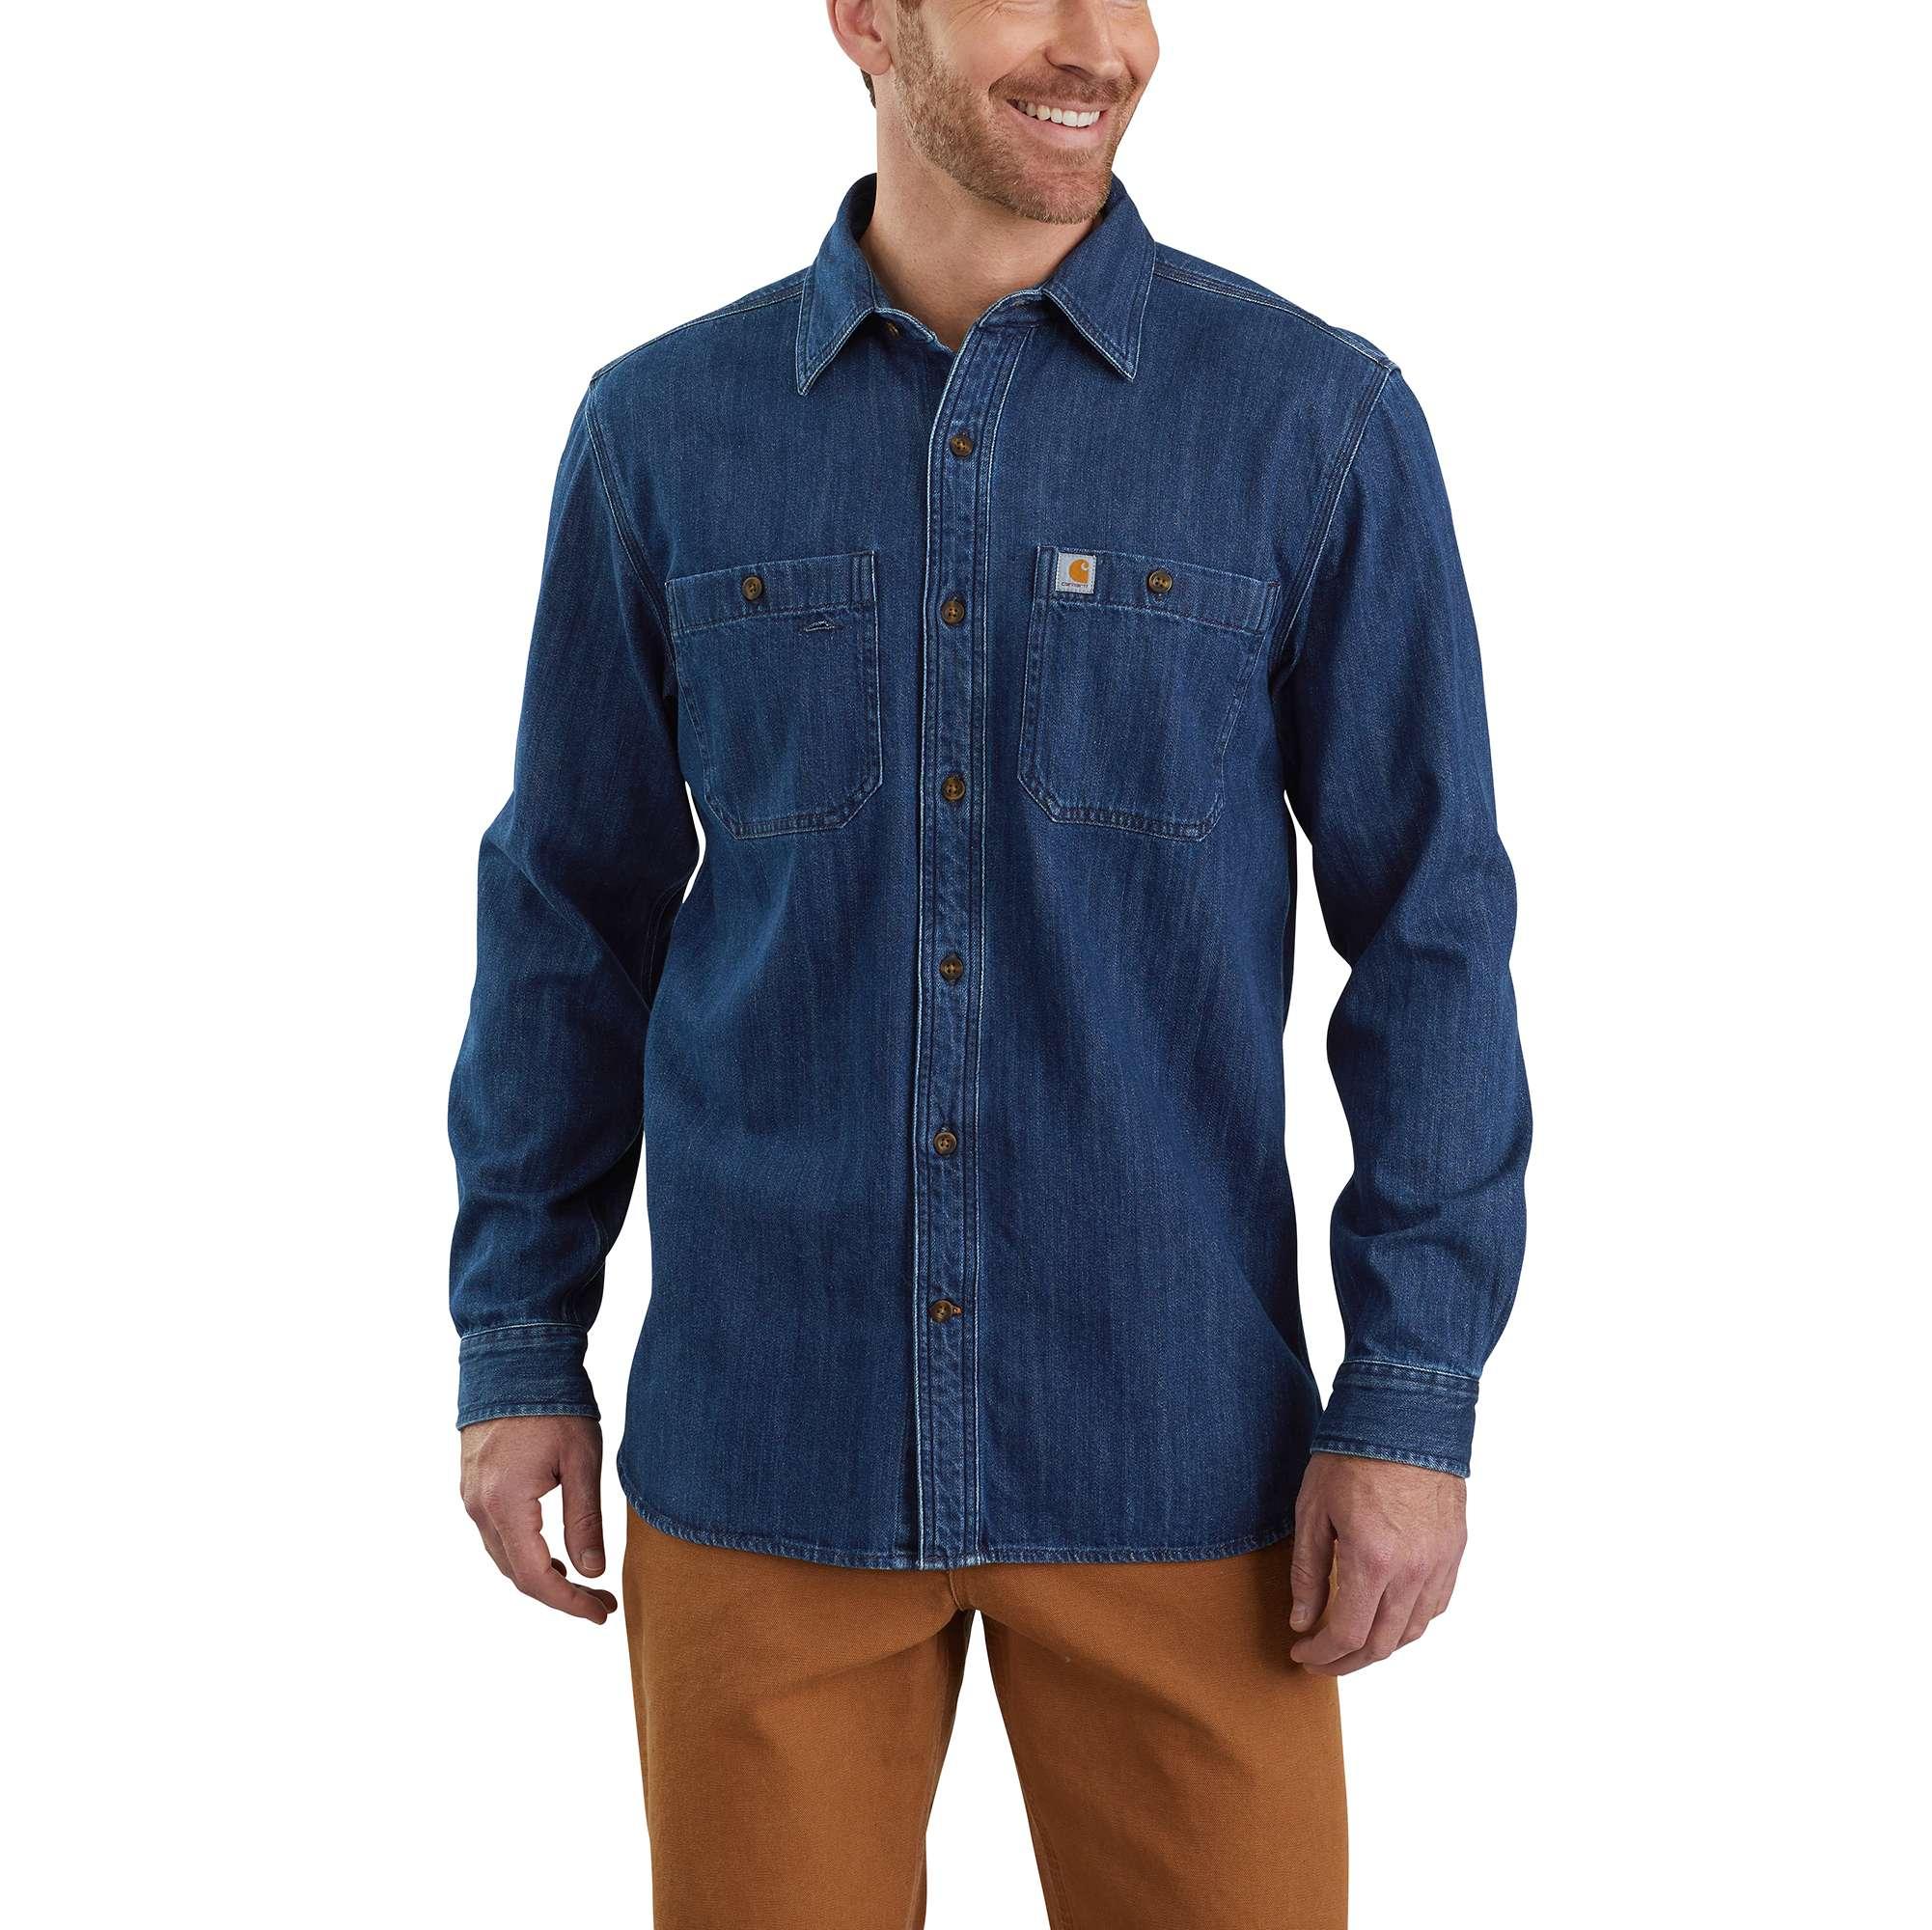 Carhartt Denim Long-Sleeve Shirt
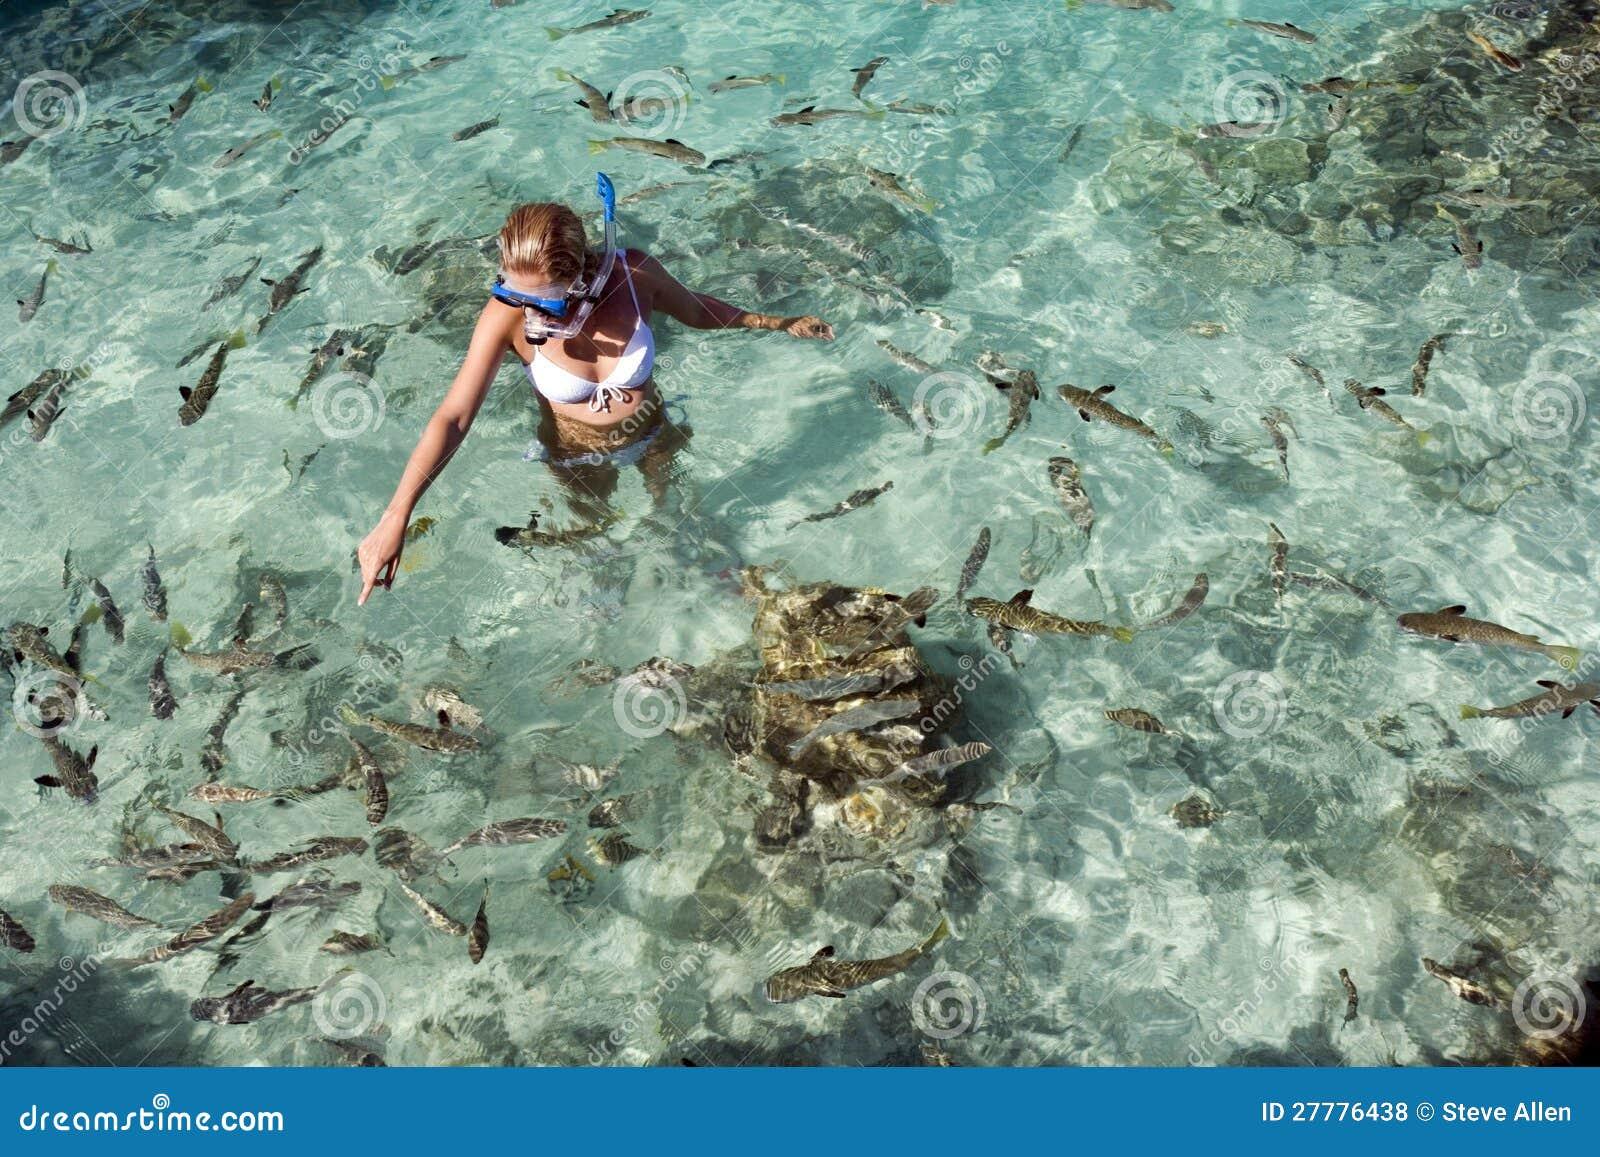 Таити - Французская Полинезия - South Pacific
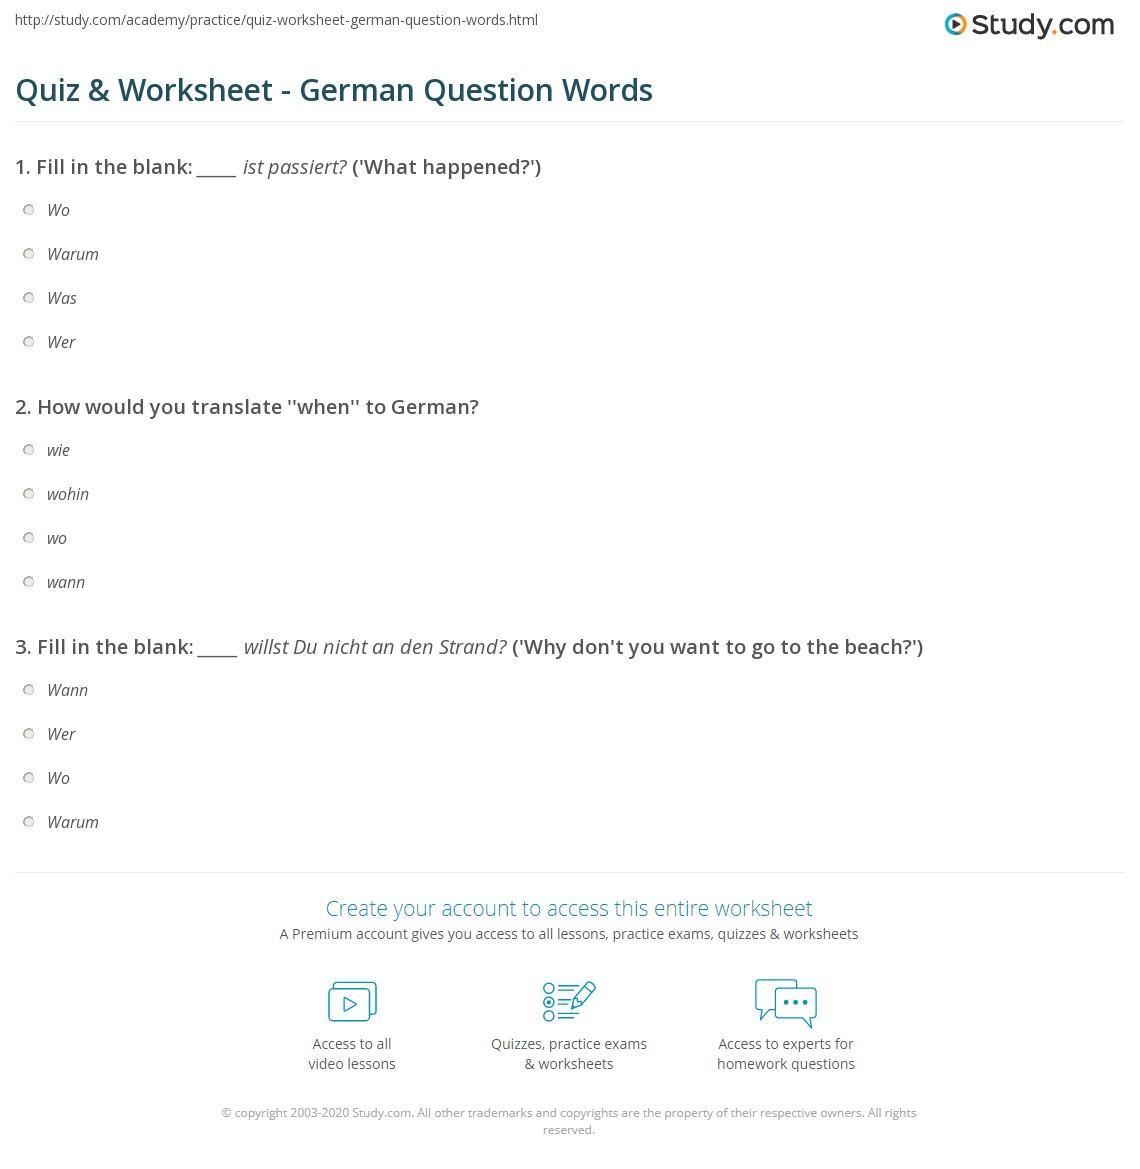 Quiz & Worksheet - German Question Words | Study.com
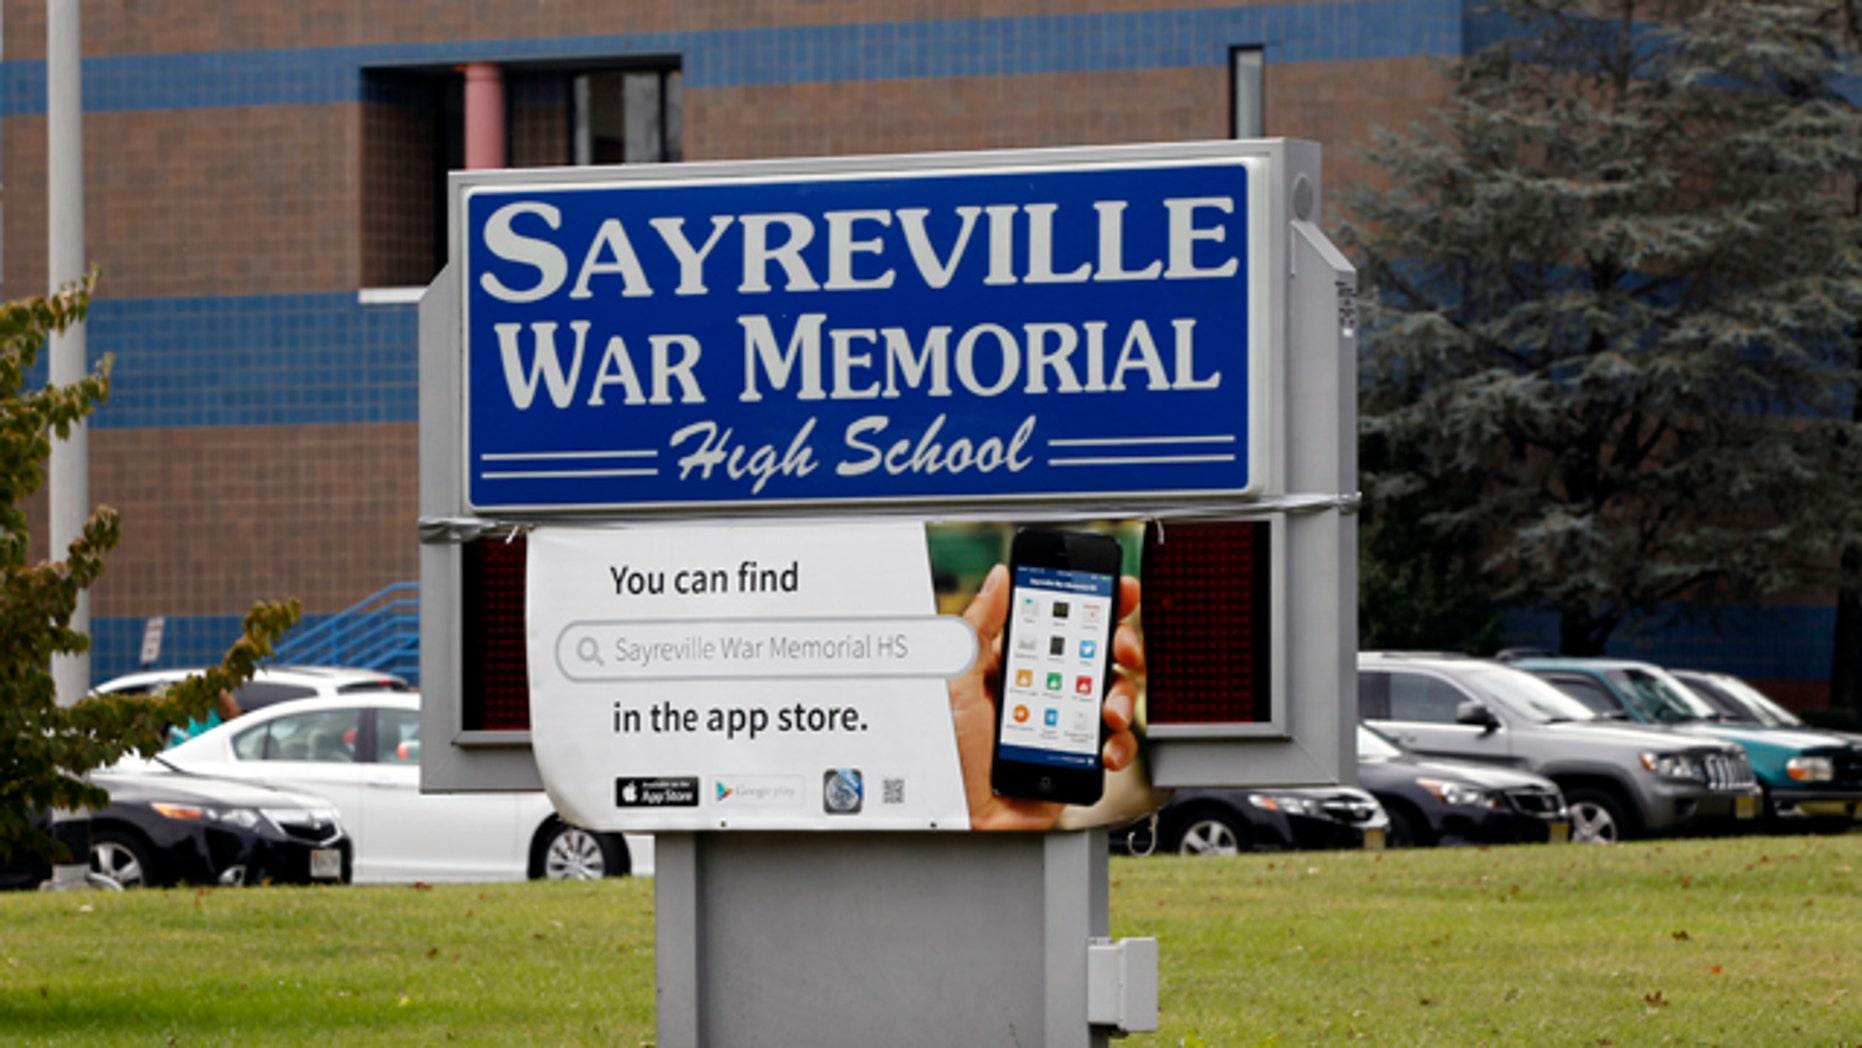 October 7, 2014: The entrance to Sayreville War Memorial High School is shown. (AP Photo/Mel Evans)

[Required action]
Do not include the pictures. Quote only the lines from the line with "Quiz & Worksheet" through the end of the material, both ends included, exactly.

[Exercise solution]
 Quiz & Worksheet - German Question Words | Study.com
 October 7, 2014: The entrance to Sayreville War Memorial High School is shown. (AP Photo/Mel Evans)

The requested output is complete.